Friday, February 25, 2011

An excellent comic-to-movie adaptation

I mentioned Ghost World by Daniel Clowes in an earlier post, and then found out that in 2001 they had made a movie out of it. The movie is a little along the lines of Napoleon Dynamite, in some respects, but with more dialogue and a grittier, more melancholy undertone.

That trailer is horrible, actually, it makes it seem like a cute quirky family movie, which it definitely is not. But it gives you the characters and the actors. The shirtless guy with the nunchucks is really excellent, that character's name is Doug and he is more or less my hero now. He's like a hipster, except he's not being ironic. He's the real deal. So awesome.

Then there's Steve Buscemi as Seymour. His performance as the eccentric collector is layered and saturated with a sort of resigned melancholy, very poignant, but still grimly humorous.

Thora Birch looks uncannily like her character Enid, and her straight-faced derision of everything is extremely believable.

Scarlett Johansson also looks scarily like Becky. She too manages the disaffected sort of apathy of a recently-graduated teen quite believably.

The movie deviates in plot from the comic book a good deal, but it is still within the realm of Ghost World in that it could have been written that way by Daniel Clowes. Since the director also did the documentary Crumb, about the underground comic icon Robert Crumb, it seems only fitting that in the credits are several thanks to Crumb and his wife Aline, as well as a credit to his daughter Sophie for the drawings in Enid's notebook. Clowes himself created a scrapbook for an imaginary fast-food joint known as Cook's Chicken within the movie.

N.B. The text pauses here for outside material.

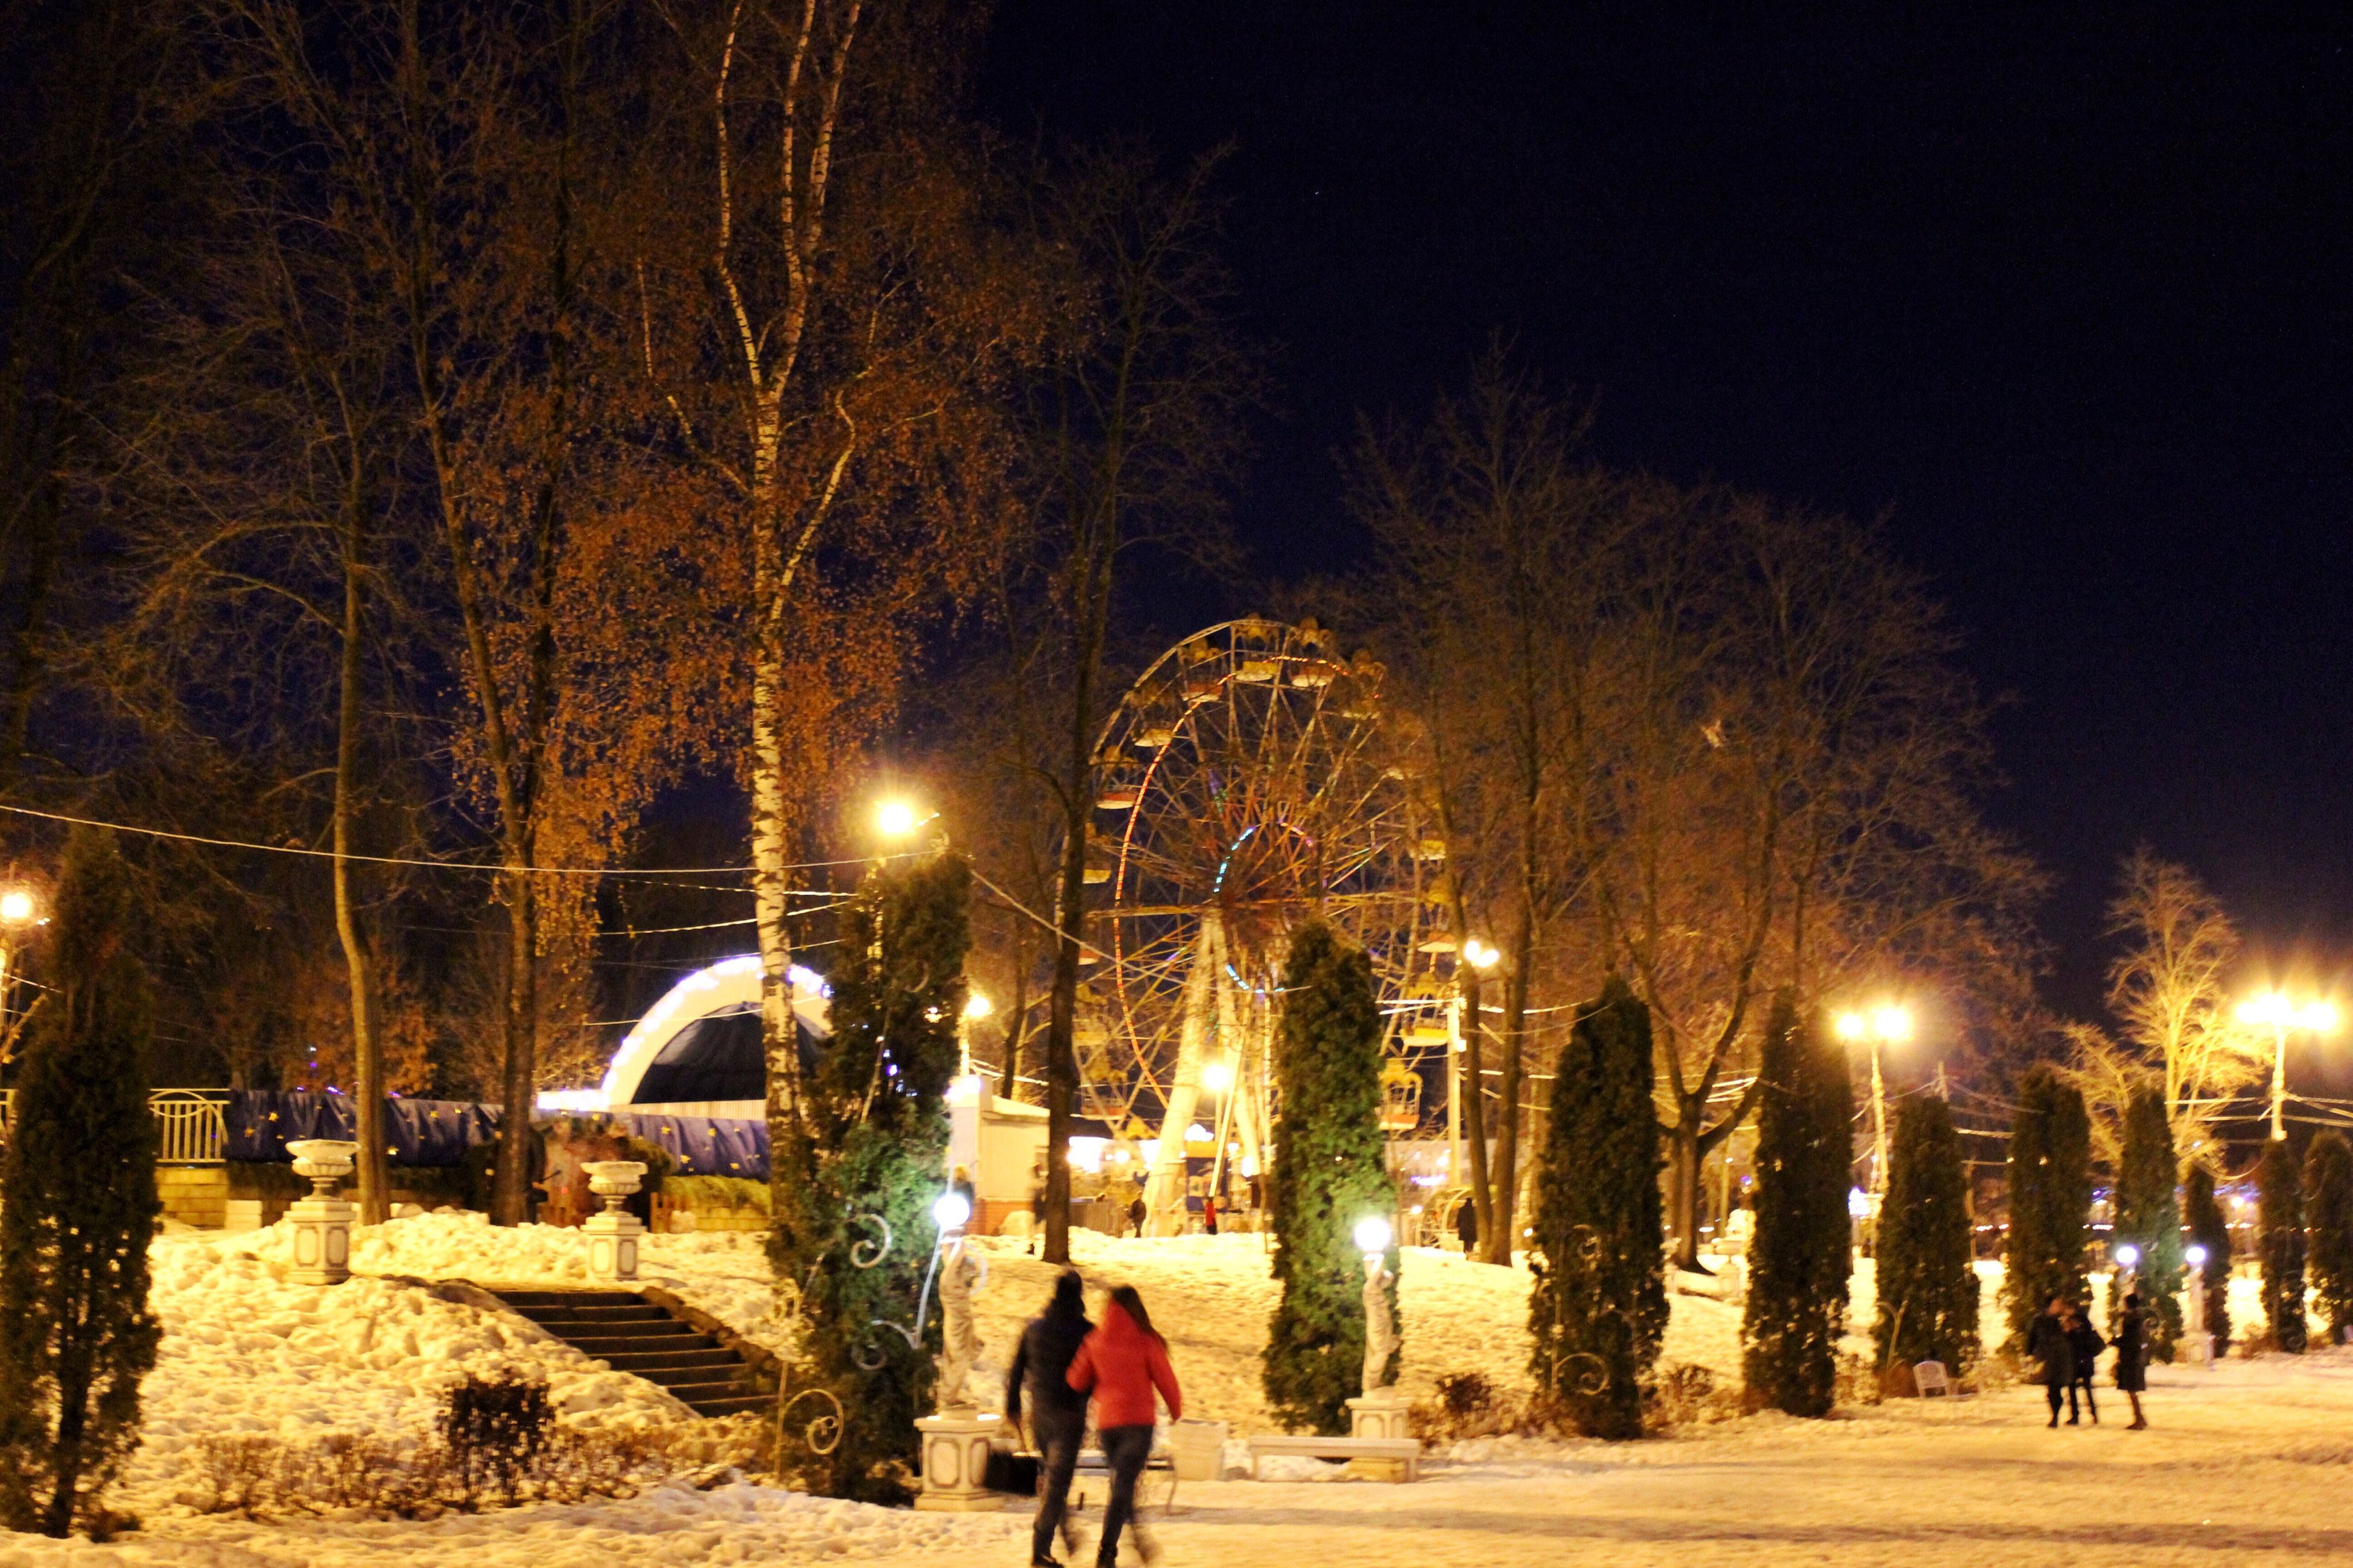 night, illuminated, street light, christmas, christmas decoration, tree, christmas lights, outdoors, celebration, people, city, christmas market, sky, architecture, christmas tree, adults only, adult, city gate
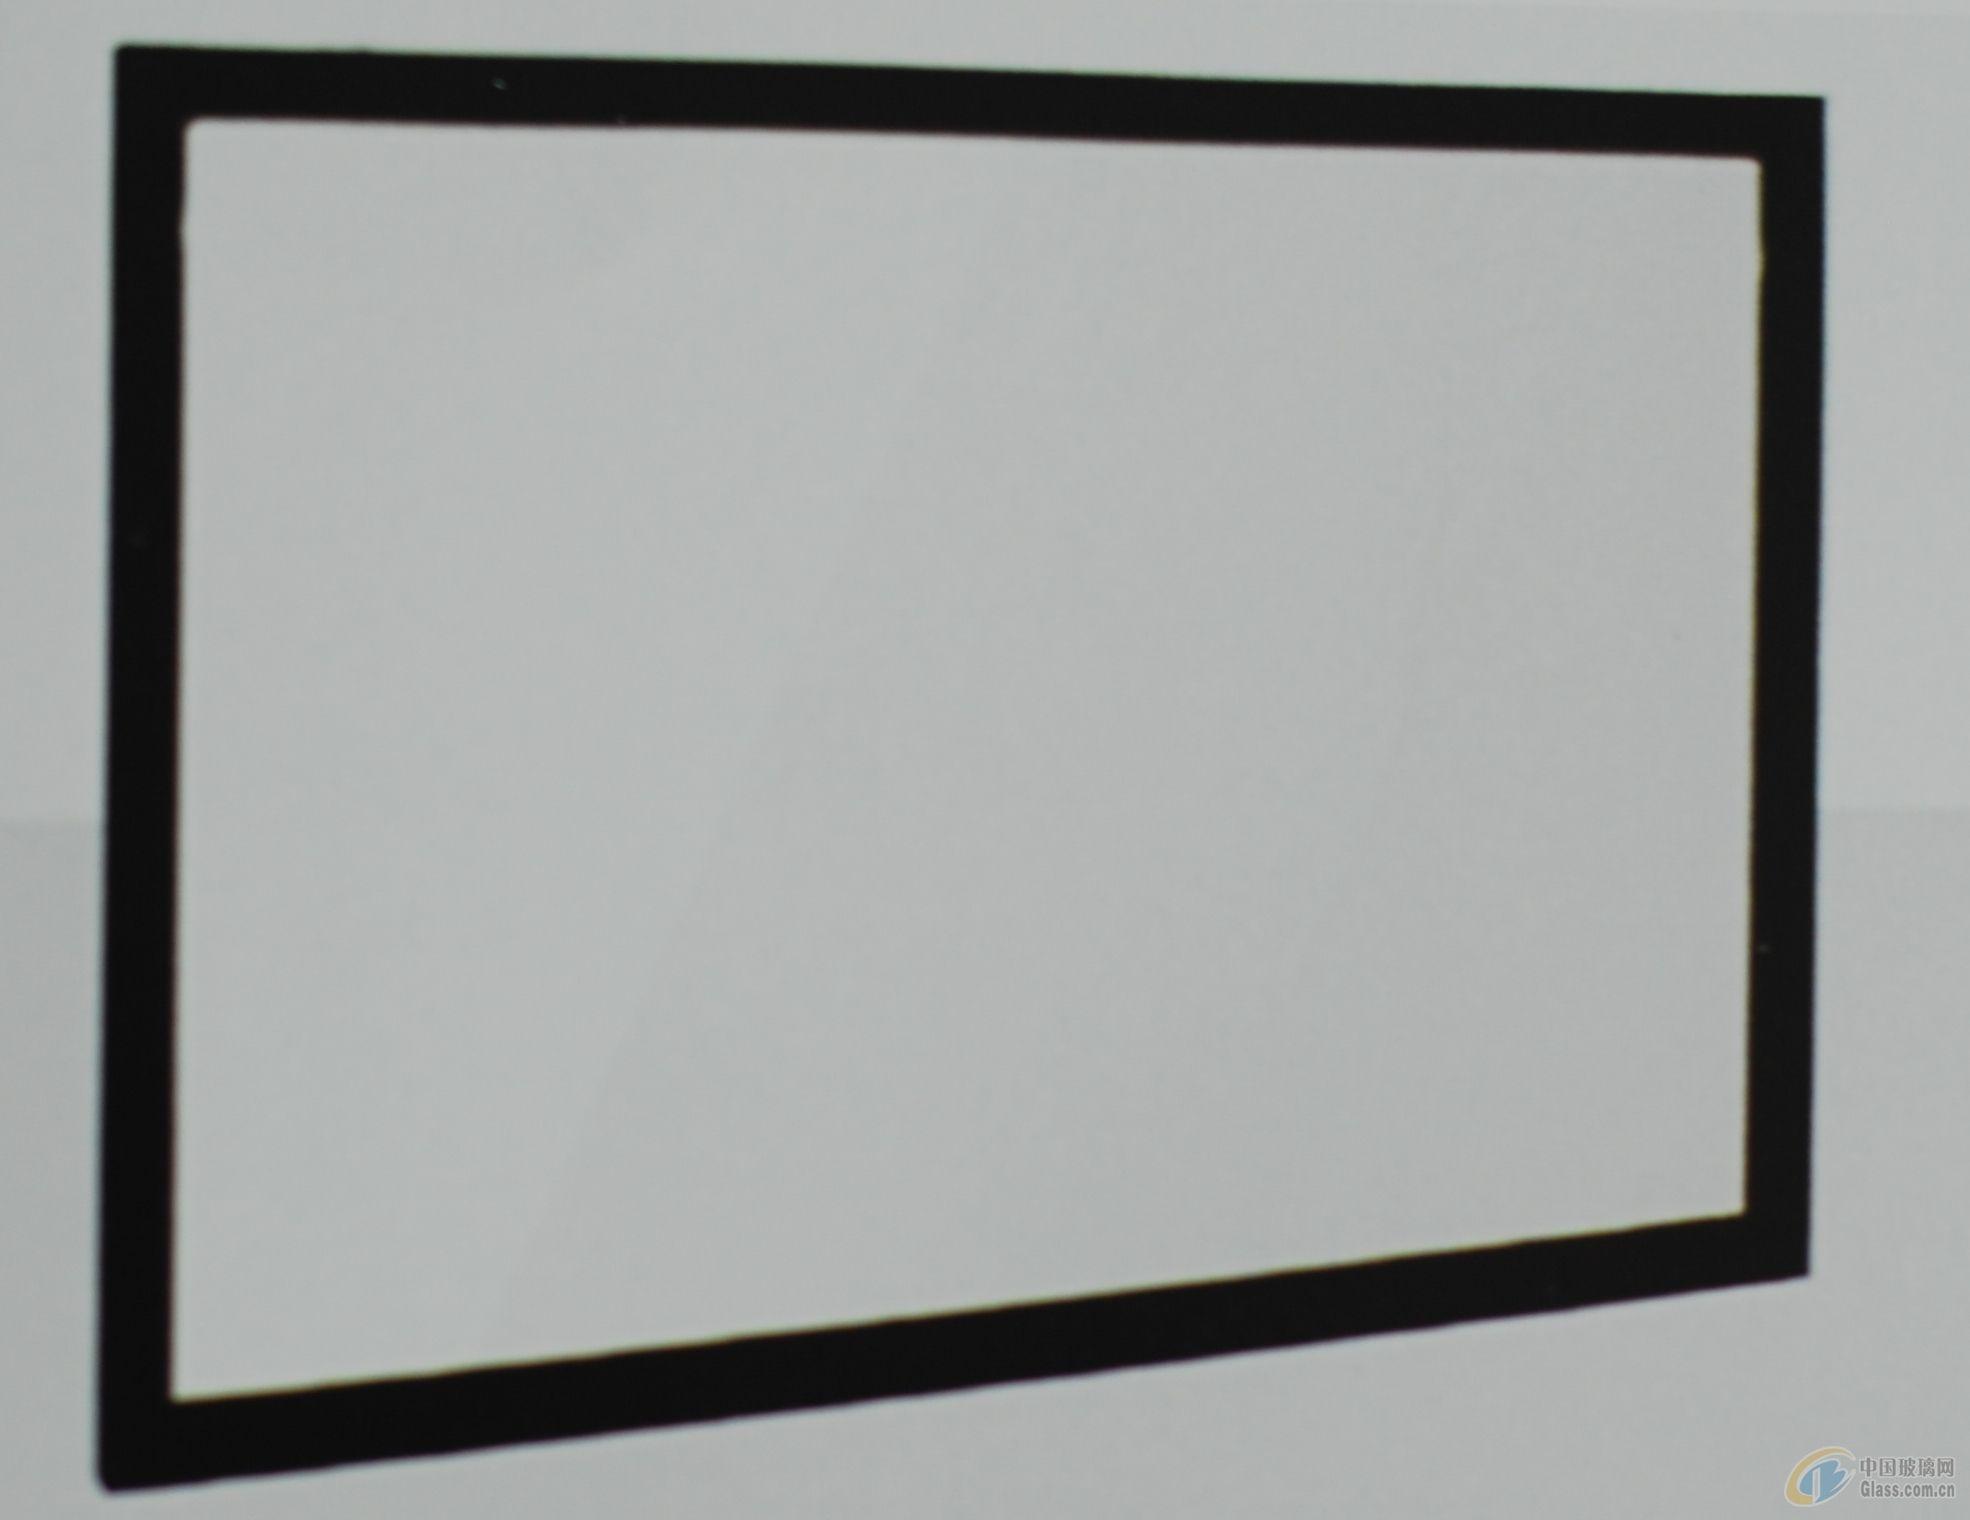 Anti glare glass/Non glare glass/anti scratch coating for screen protection

As far as comics-to-movie adaptations, I am going to rank this as one of the best. The Dark Knight was good, too, and the aesthetics of Frank Miller's Sin City and 300 were both true to the artist's style. But as far as real human connection and an exploration of adolescence, Ghost World transcends them all. Anybody who enjoys underground/ independent comics or just the work of Daniel Clowes would probably enjoy this movie.